Бен испытующе посмотрел на Ярослава, закашлялся, отбросив недокуренную сигарету, несколько раз ударил себя в грудь.
— Серьёзно? Ты ждёшь поезда?
Ярослав кивнул.
Рыжий какое-то время смотрел на него, и взгляд был полон сомнения, а потом повернулся к своим подпевалам, словно спрашивая: ну и о чём ещё с ним говорить?
Те пожали плечами.
— В трёх километрах от города есть Платформа, — произнёс Ярослав.
— Я знаю, — ответил Бен, начиная раздражаться. — Я здесь родился и знаю окрестности лучше тебя.
— Тогда ты в курсе, зачем она там.
Бен громко расхохотался, но в смехе его было больше злости, нежели веселья.
— Поезд — это сказка для маленьких девочек!
— Можешь отрицать очевидное, сколько угодно.
— И это лучший ученик школы! — снова повернулся Бен к массовке. — Он не знает того, что известно даже малым детям!
Ярослав молча пережидал эту вспышку злого веселья, скрестив руки на груди.
— Настоящие поезда ходят по рельсам, дурачок. Их водят паровозы, изрыгая клубы дыма и пара, и машинист иногда, чтобы не разорвало котёл, стравливает давление через гудок. Настоящий поезд слышно издалека — за три километра. Он идёт со скоростью рысящей лошади. Вот что такое настоящий поезд.
— Да, я знаю.
— А ещё на поезд можно купить билет и уехать в дальние края. Что же ты никуда не едешь, а? Билета нет?
— Будь спокоен, придёт время, и я уеду. И билет у меня есть.
— Честно?
— Есть, — спокойно подтвердил Ярослав. — Давным-давно у каждого человека был такой билет. И вот что мне интересно: где же твой?
— Вот урод! — взорвался Бен. — Он ещё смеет попрекать меня своими сказочками! Нет и не было никогда никаких билетов! Насыпь есть напоминание о том, что будет, если мы снова начнём думать и поступать, как наши поганые предки!
— Как думать, как поступать?
— Как, как!.. Иди посмотри — как! Ах, прости, я забыл, ты же и так каждый день ходишь глядеть на неё, на мёртвую пустыню, что разостлалась за Насыпью до самого горизонта.
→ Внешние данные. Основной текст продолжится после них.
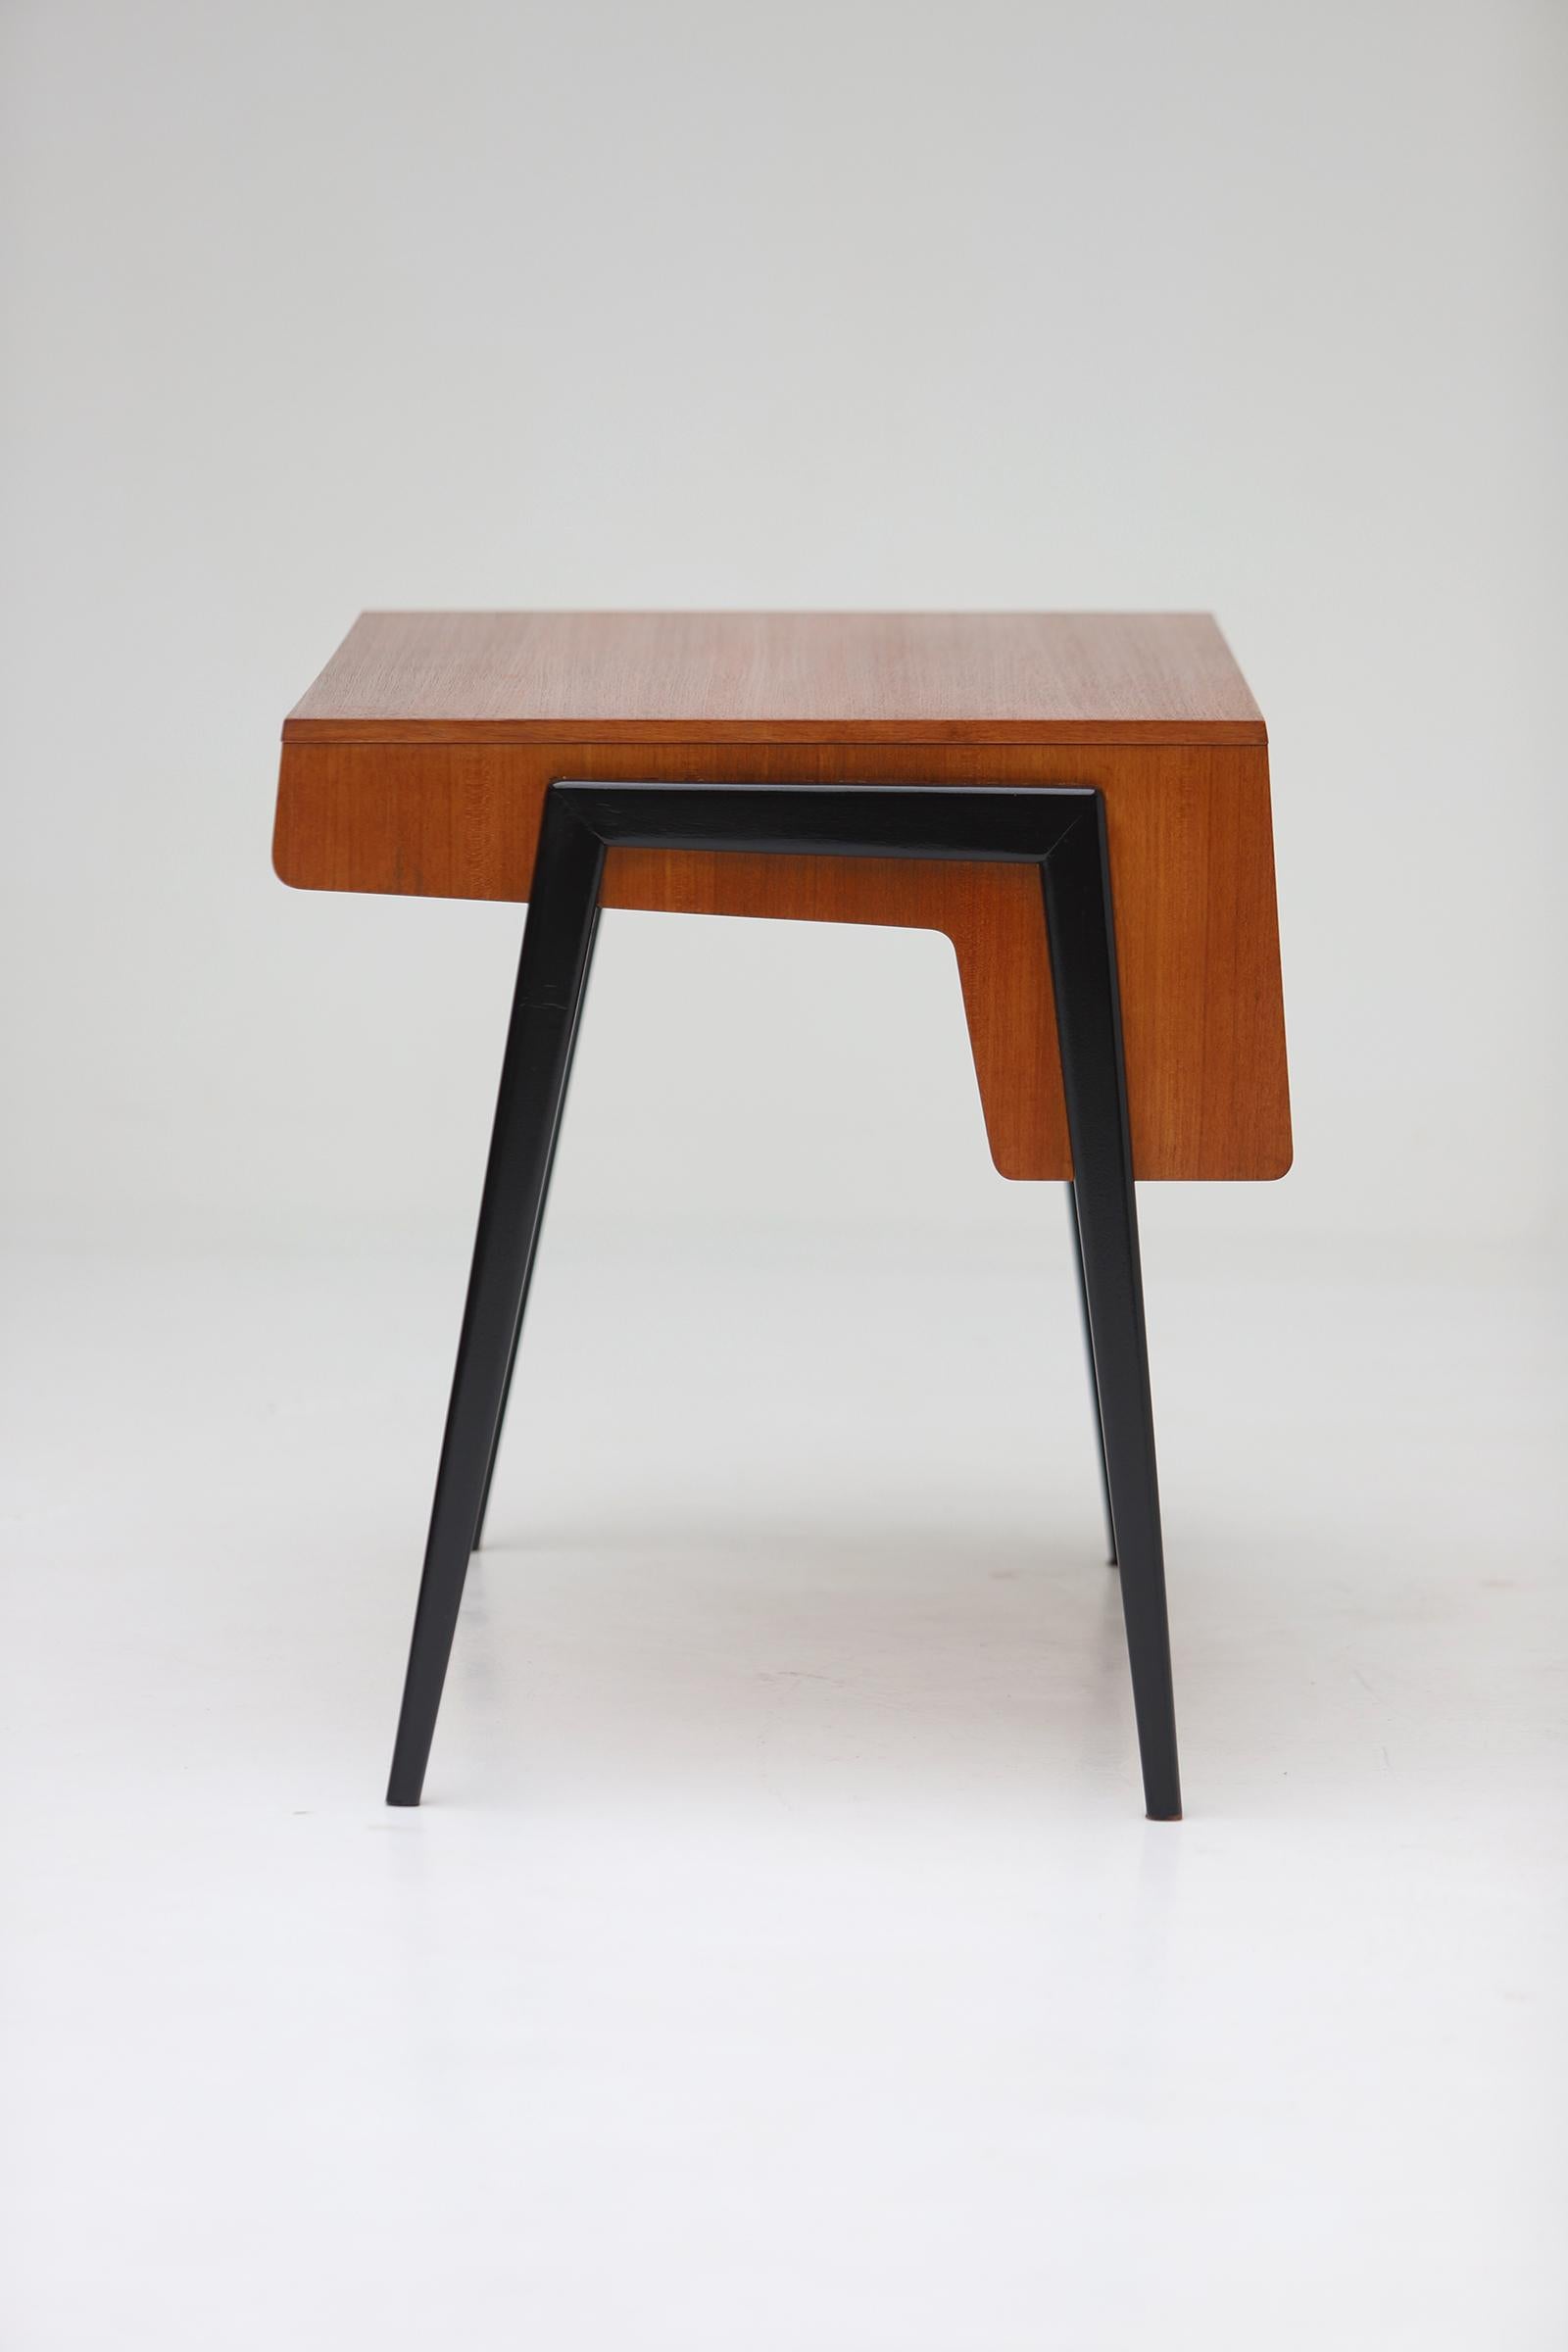 Wood Mid-Century Modern Writing Desk Manufactured by Everest in the 1950s

Тебе так нравится серый песочек? Хочешь, чтобы и здесь он везде лежал?!
— Я так понимаю, ты решил запретить мне ходить к Насыпи.
— Не просто решил — я это сделаю! Ты у меня сейчас навсегда забудешь туда дорогу!
Бен, крепко сжав кулаки, шагнул к Ярославу.
Но тот не отступил.
Бен своими неуклюжими попытками разозлить добился совсем другого. То, что давно сидело глубоко внутри, то, в чём Ярослав даже самому себе боялся признаться, было наконец произнесено: он уедет. И как только, так сразу понял, что и время-то — вот оно. Если не сейчас, то когда?
Ведь ничего Ярослава не держит в этом тихом городке, прятавшемся от всего мира среди куцых островков леса в океане степи. Родители? Настоящие погибли давным-давно, и он уже позабыл их лица, а приёмные совсем не огорчатся, узнав, что мальчик стал взрослым. Школа? Он освоил программу и готов хоть сейчас сдавать выпускные экзамены.
Нет, теперь он будет учиться в других школах.
Вот только... Не хочется уезжать, так и не узнав её имя.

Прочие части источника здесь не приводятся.